◆ **Data to process**:
↓↓↓
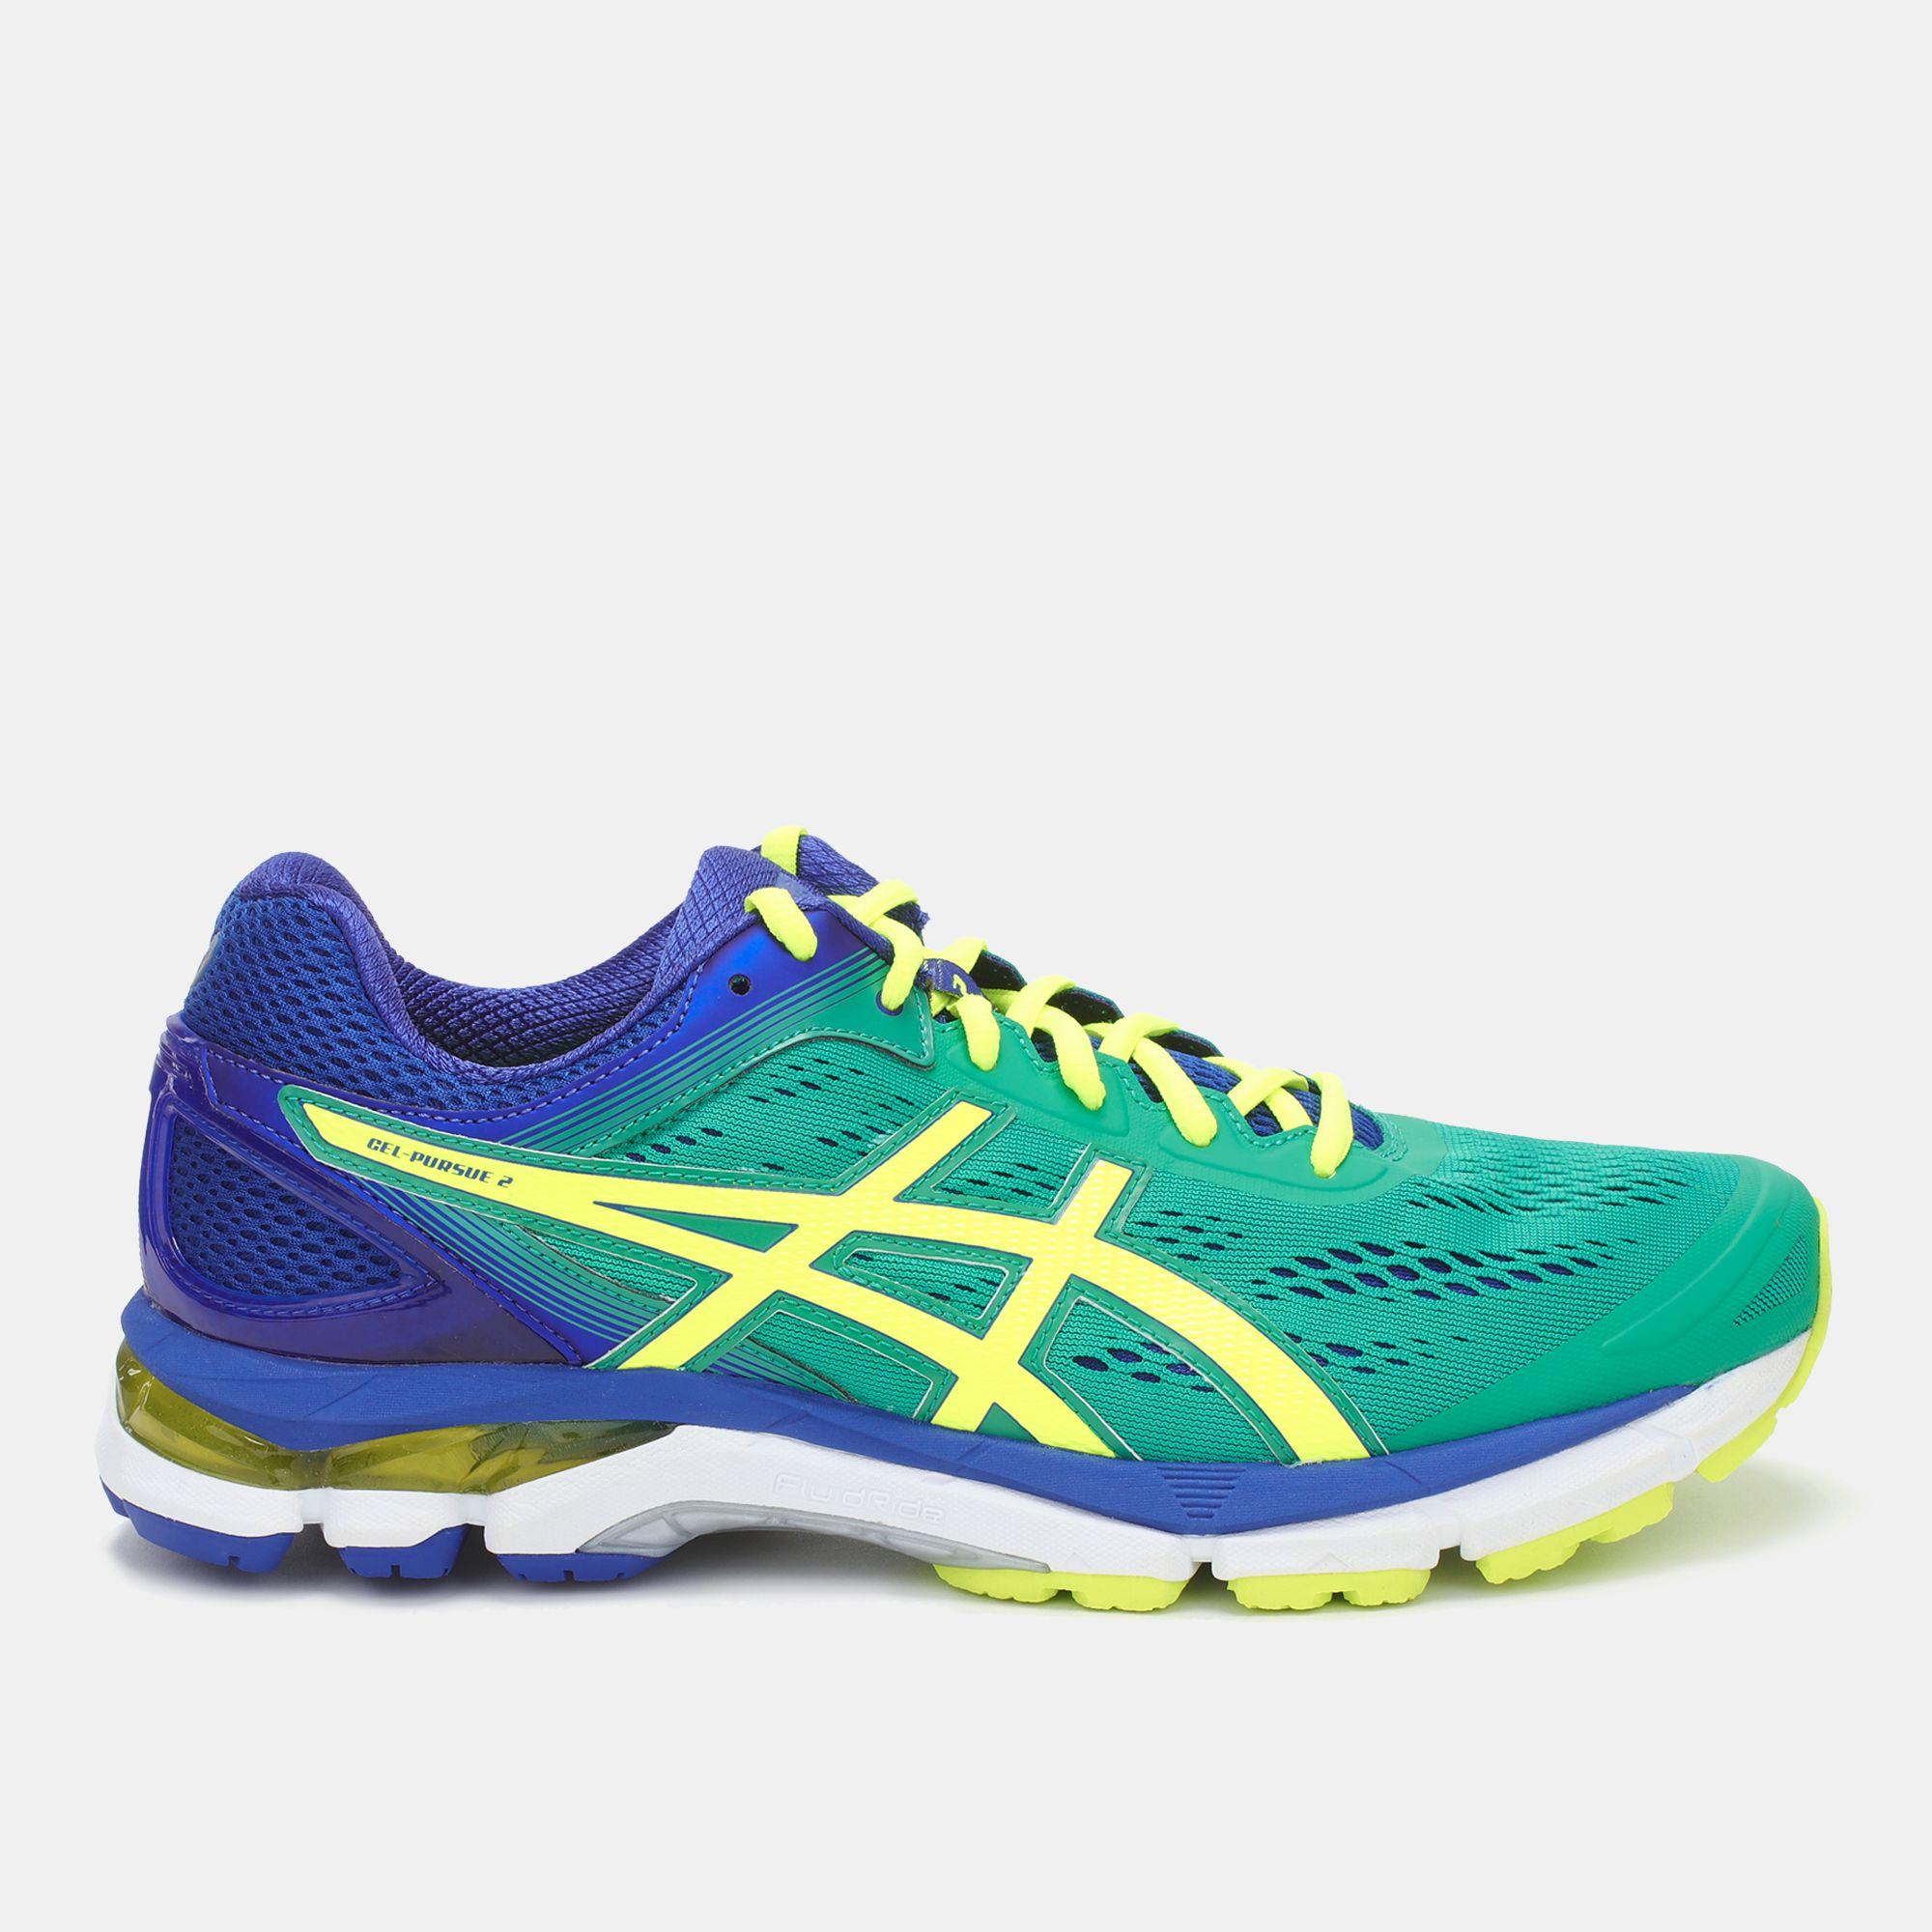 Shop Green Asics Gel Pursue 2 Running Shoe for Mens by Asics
↑↑↑
↓↓↓
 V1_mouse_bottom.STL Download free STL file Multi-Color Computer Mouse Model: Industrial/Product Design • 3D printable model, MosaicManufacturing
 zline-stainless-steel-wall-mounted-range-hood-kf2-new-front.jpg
↑↑↑
↓↓↓
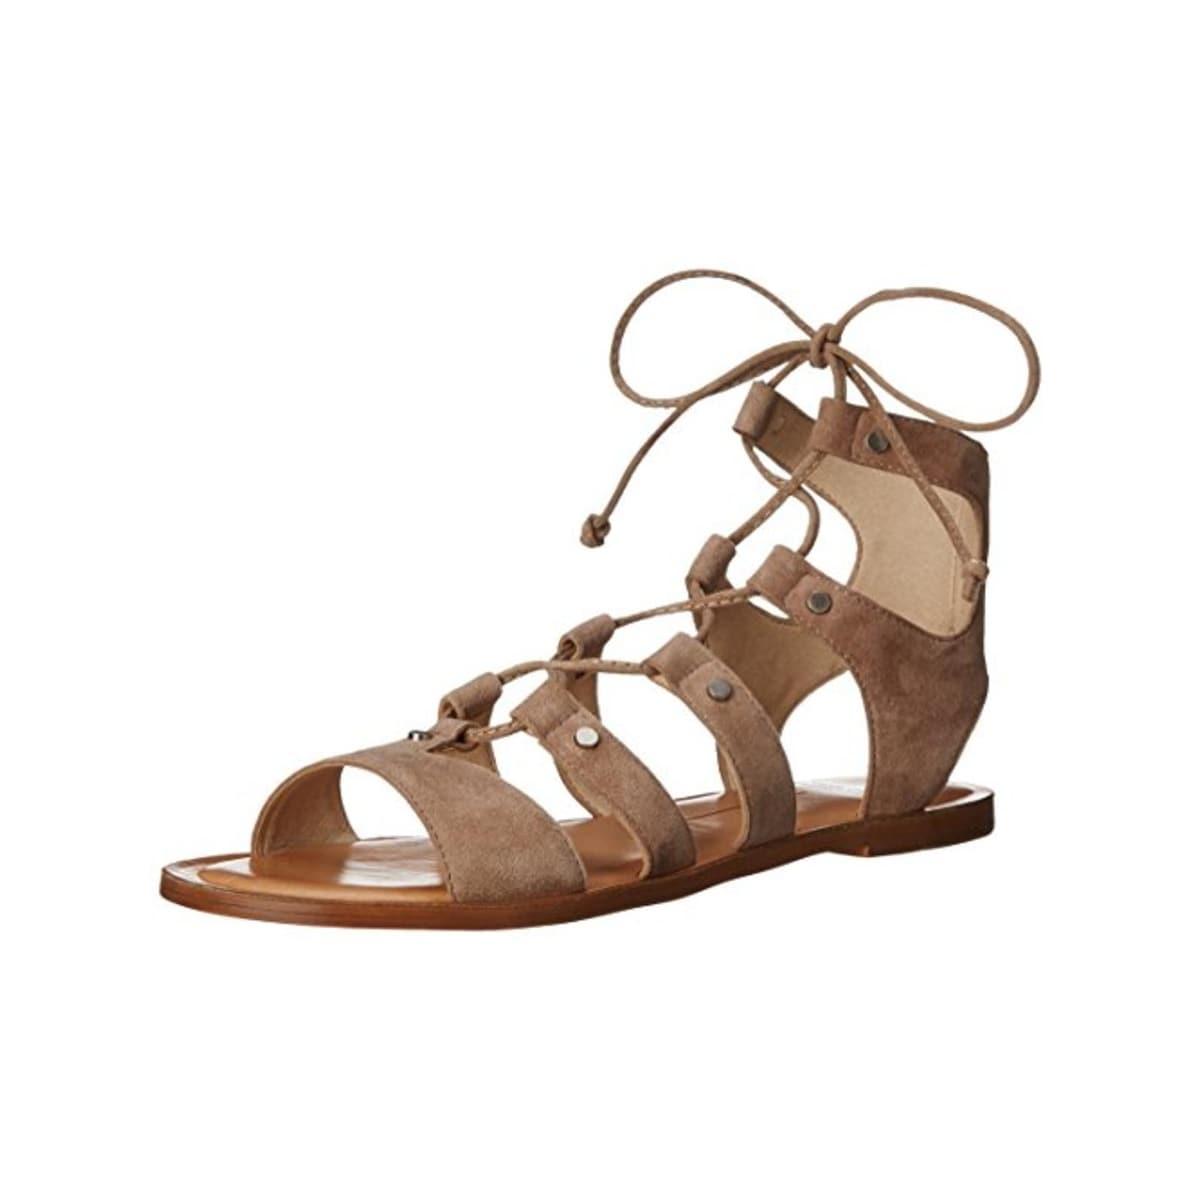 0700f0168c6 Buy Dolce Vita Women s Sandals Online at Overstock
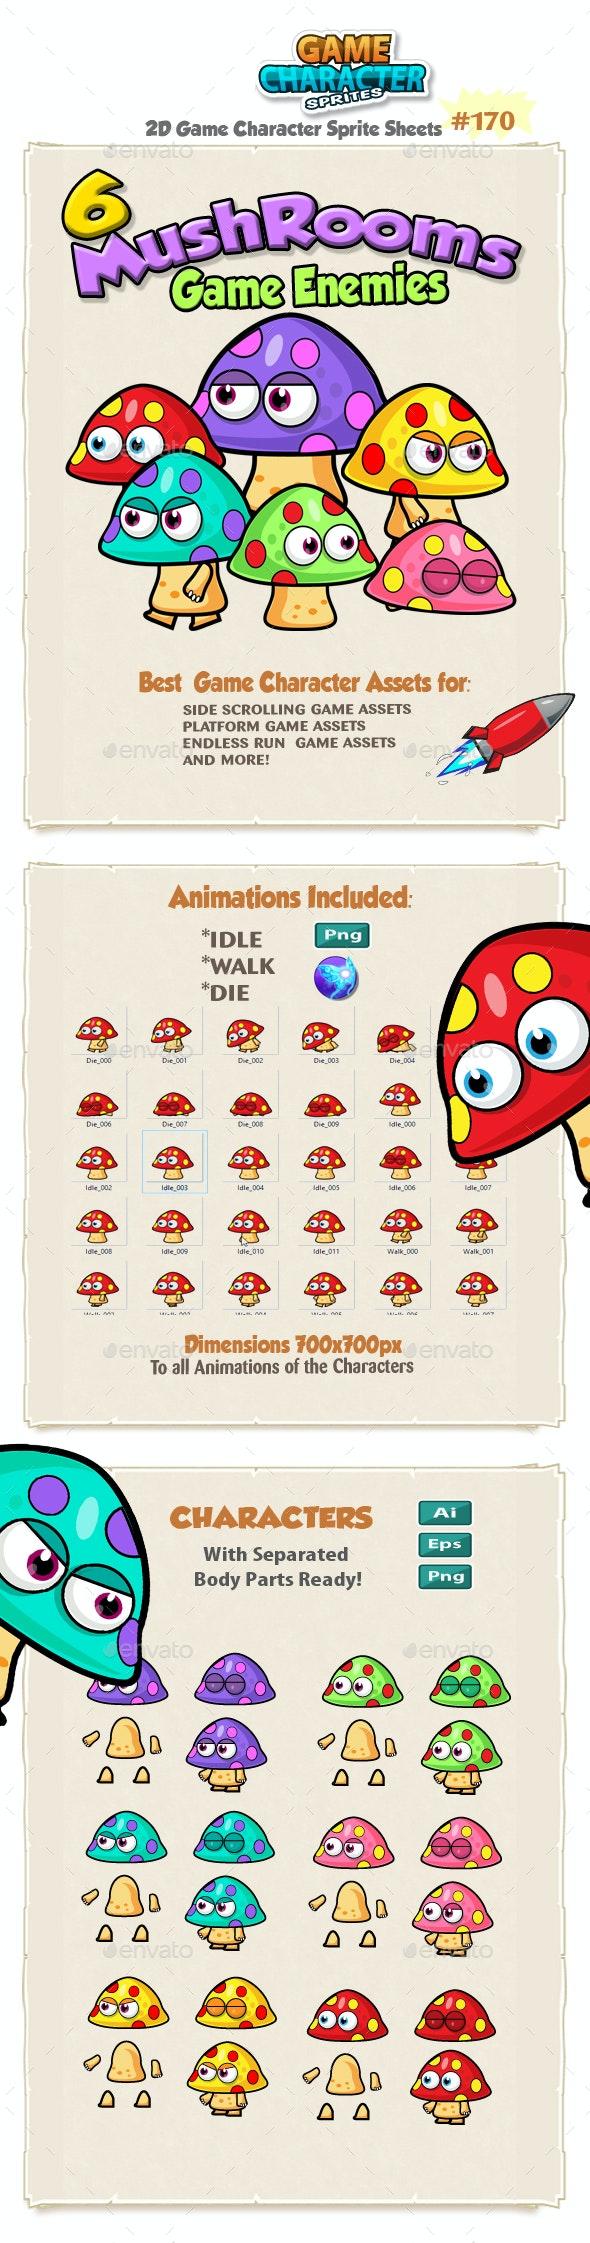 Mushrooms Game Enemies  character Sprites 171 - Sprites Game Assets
↑↑↑
◆ **What you have to do**:
Your task is to restate, word for word, only those lines above that fall between the line holding "V1_mouse_bottom.STL Download free" and the line holding "zline-stainless-steel-wall-mounted-range-hood-kf2-new-front.jpg", inclusive.

◆ **Your solution**:
 V1_mouse_bottom.STL Download free STL file Multi-Color Computer Mouse Model: Industrial/Product Design • 3D printable model, MosaicManufacturing
 zline-stainless-steel-wall-mounted-range-hood-kf2-new-front.jpg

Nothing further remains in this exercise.